The position Pref is selected to be a point, centered relative to the playback device 2.

It is also assumed that the multichannel signal S delivers to the playback system 1 during the step E10 is an audio signal made up of four distinct channels.

In this third example, the following steps are performed by the playback system 1 on the signal S:

1) Decomposing the signal S into frequency sub-bands in step E20 using a Fourier transform applied to the signal S, each frequency sub-band comprising a signal Si made up of four channels.

2) Spatially analyzing ΣI the signal S, or in equivalent manner each signal Si over each frequency sub-band during the step E30 and comprising:

spatial decomposition into spherical harmonics;

from each signal Si, extracting diffuse and localized sound objects from each signal and determining their characteristics (directions and amplitudes) using the technique described in Document WO 2012/025580 (this step may optionally include coding the signal Si in an audio format of the HOA type, which is itself known); and

separating localized sound objects detected during scanning into the categories OBJLocIntW and OBCLocExtW by comparing the examined directions in which the objects have been detected relative to the excursion angle Ω/2 associated with the spatial window W, as described above for Examples 1 and 2.

3) Playing back ΣII/E50 the signal S, and more precisely the sound objects extracted during the spatial analysis ΣI:

during the step E51, playing back inside the spatial window W localized sound objects that are estimated as being positioned inside the spatial window W (category OBJLocIntW) with the help of playback treatment T-A combining a WFS technique and radiation control that takes account of the radiation from each loudspeaker and the influence of the acoustic enclosure proper that contains the various loudspeakers. The sound playback field for each object is controlled by means of filters. Such treatment is described in particular in the not-yet published European patent application EP 1 116 572.0.
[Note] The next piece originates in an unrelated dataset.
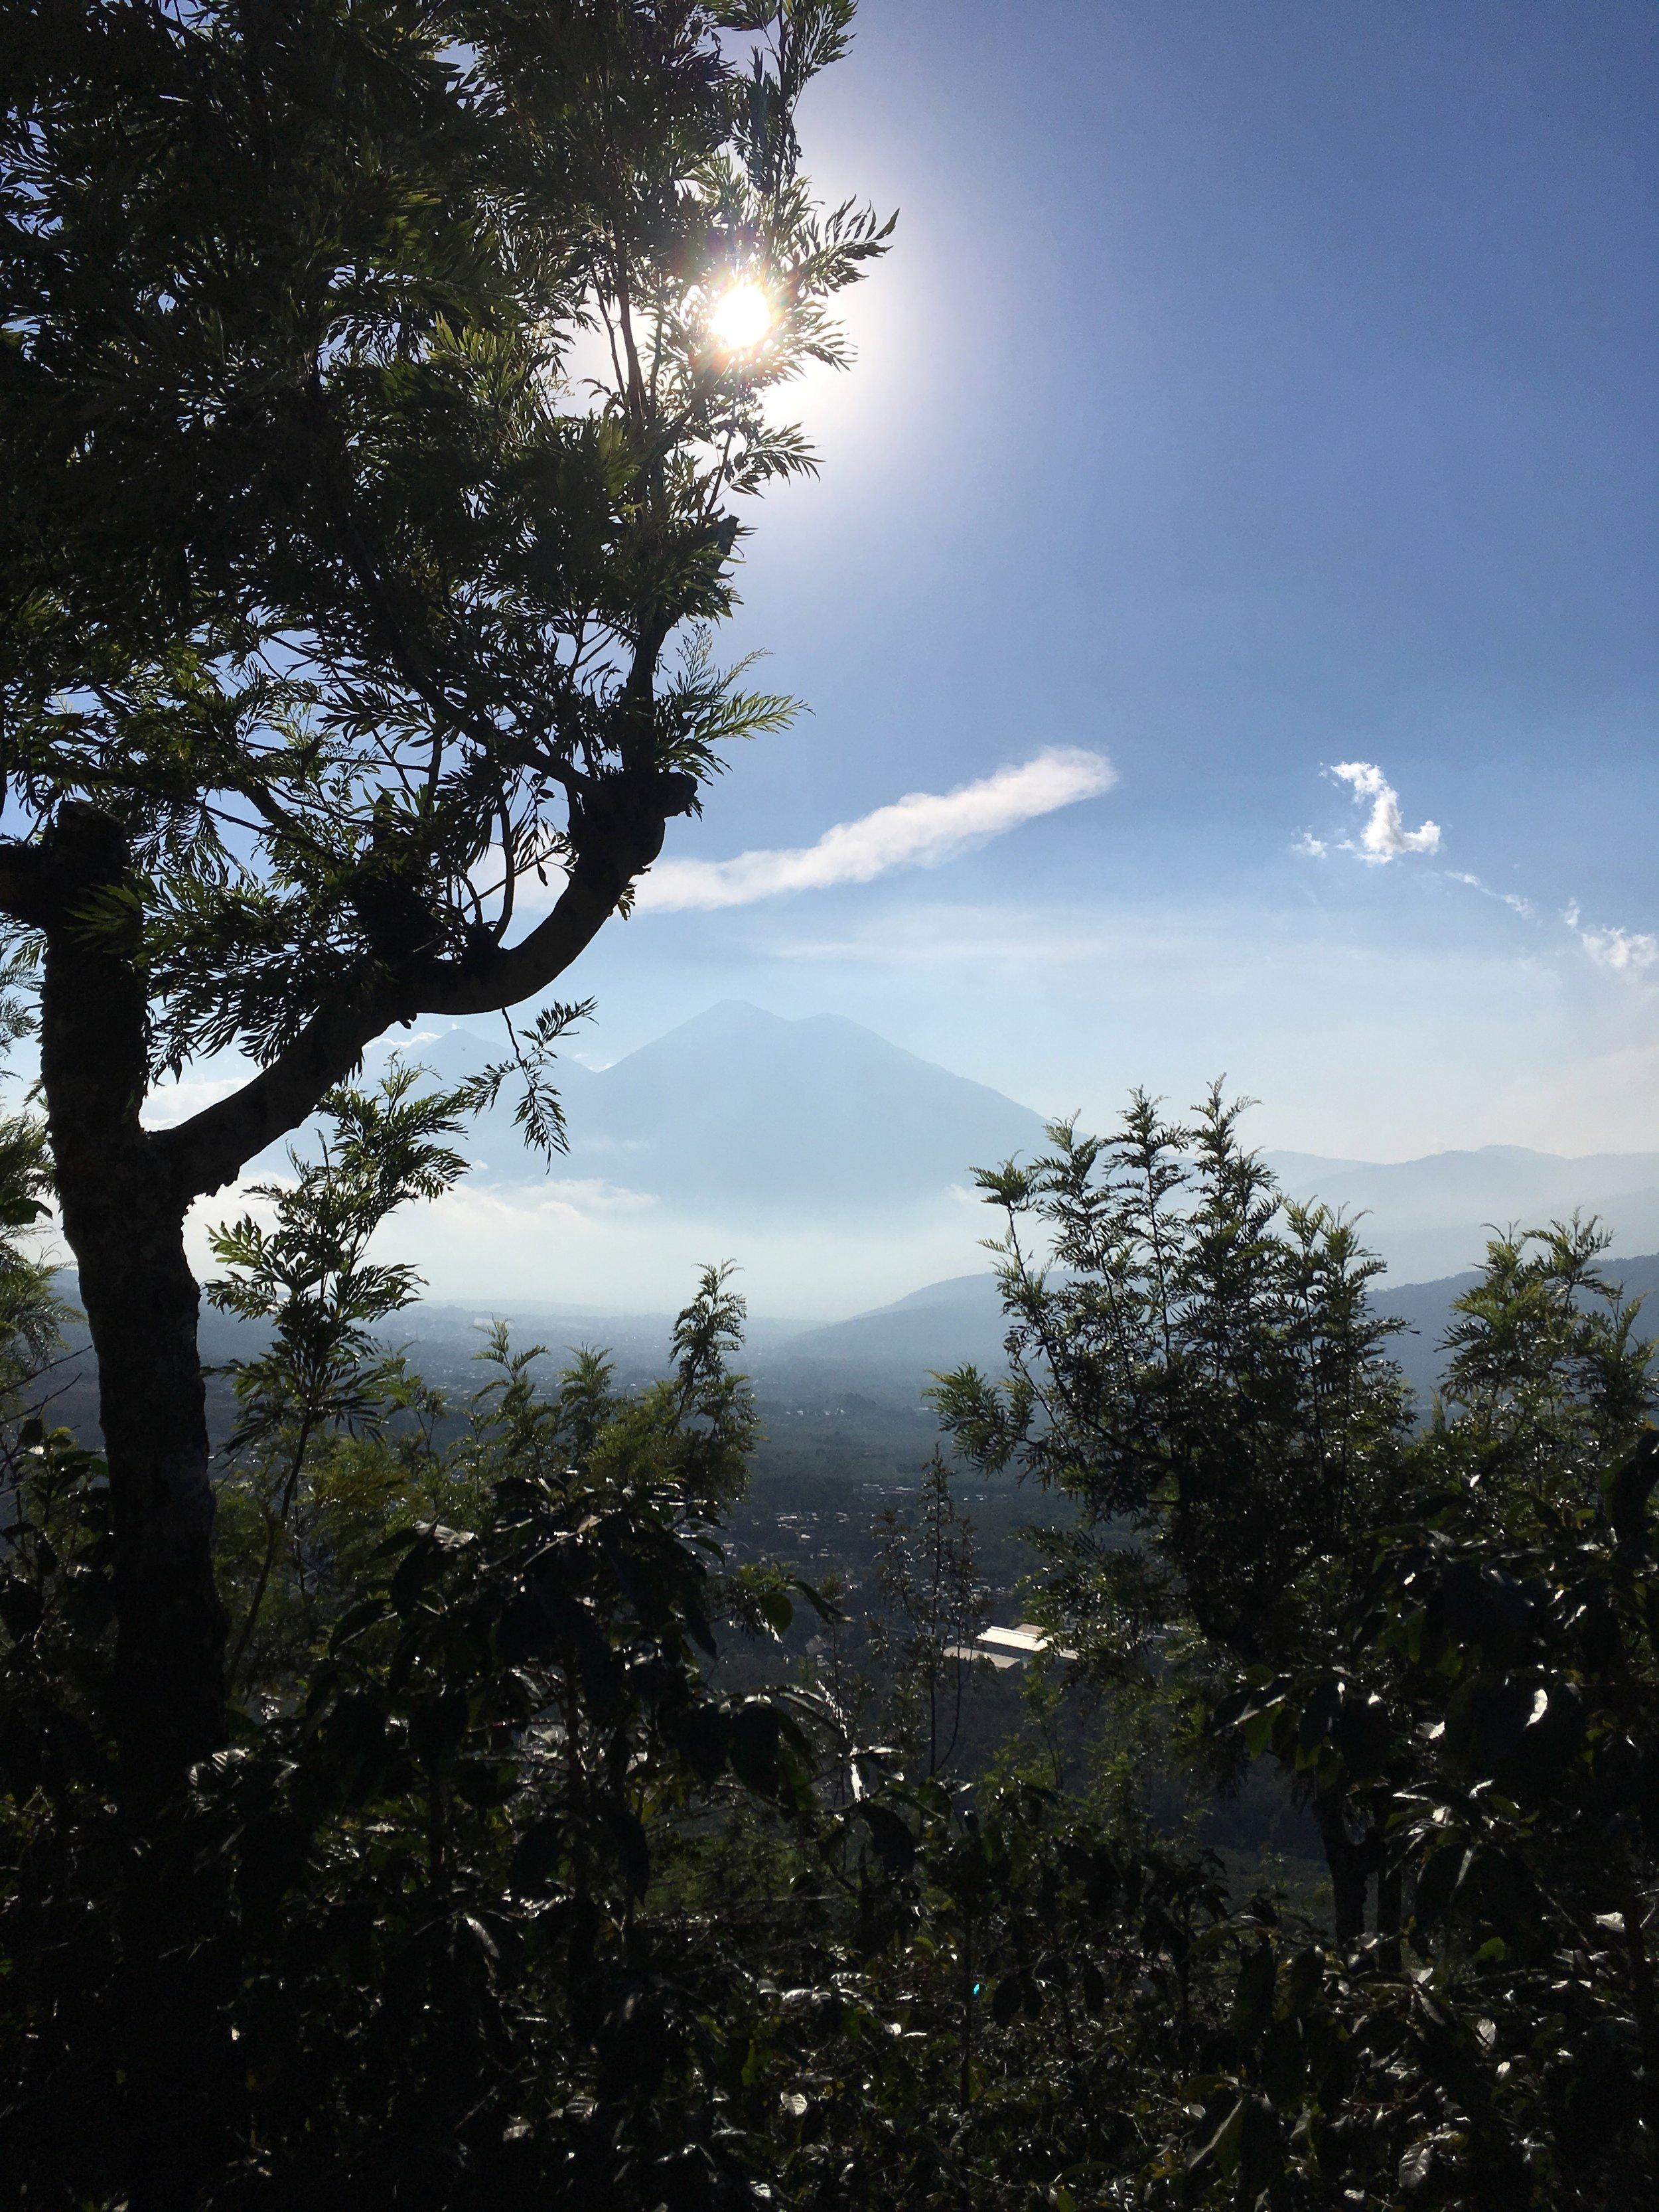 Acantenango and Volcán de Fuego from Finca Santa Clara.

Thus, and more precisely, in this third example, the treatment T-A comprises creating virtual sources behind the playback device 2 by using the WSF technique, and applying filtering to the loudspeakers 2-1, . . . , 2-8 of the device 2 that is determined in such a manner that the energies of these sound objects played back via these virtual sources are directed towards the reference position and comply with the amplitudes determined in step E30;

during the step E52, playing back outside the spatial window W localized sound objects that are estimated as being positioned outside the spatial window W (category OBJLocExtW) with the help of playback treatment T-B as described in the not-yet published European patent application EP 11165720.1, and combining:

• • a WFS technique comprising creating virtual sources outside the spatial window W by forming two narrow beams that are reflected on the side walls of the room in which the playback device 2 is installed to a predetermined point position; and
  • applying filtering to the loudspeakers 2-1, . . . , 2-8 of the device 2 that is determined in such a manner that the energies of the sound objects played back by the virtual sources are directed and concentrated on the side walls of the room.
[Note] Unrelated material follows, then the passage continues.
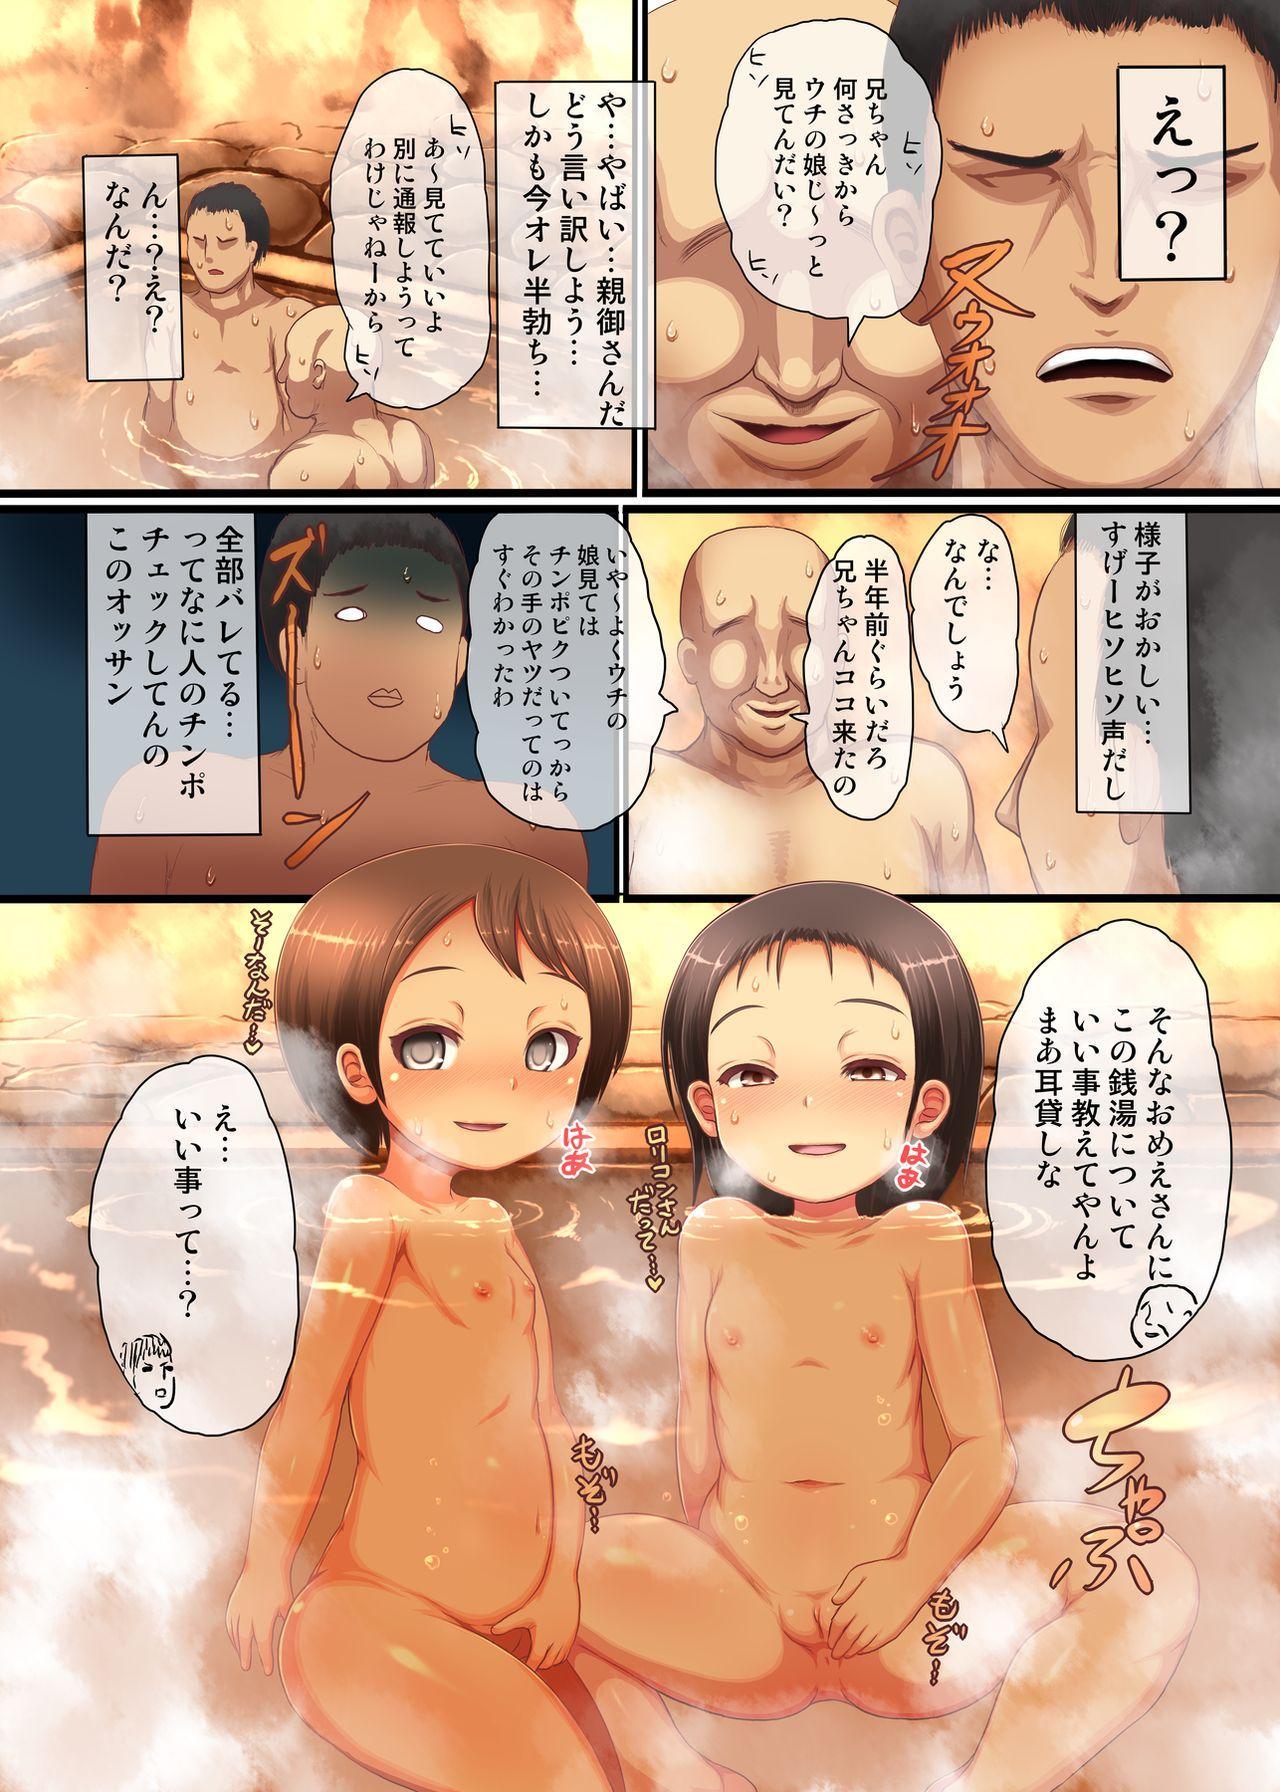 Chibikko Sentou Ecchi Ran 2

The virtual sources as positioned in this way are used to play back the sound objects of the category OBJLocExtW along the directions and with the amplitudes estimated in step E30;

during step E53, playing back outside the spatial window W diffuse sound objects (category OBJDiff) with the help of playback treatment T-C as described in not-yet published European patent application EP 11165720.1, and combining:

• • a WFS technique comprising creating virtual sources outside the spatial window W by forming two wide beams that are reflected on a predetermined extended zone of the side walls of the room in which the playback device 2 is installed; and
  • applying filtering to the loudspeakers 2-1, . . . , 2-8 of the determined device 2 in such a manner that the energies of the sound objects played back via these virtual sources are directed and concentrated on the side walls of the room.

Naturally, these three examples are given purely by way of illustration and other configurations for the playback device, and also other spatial analysis techniques and other playback treatments could be used within the ambit of the invention.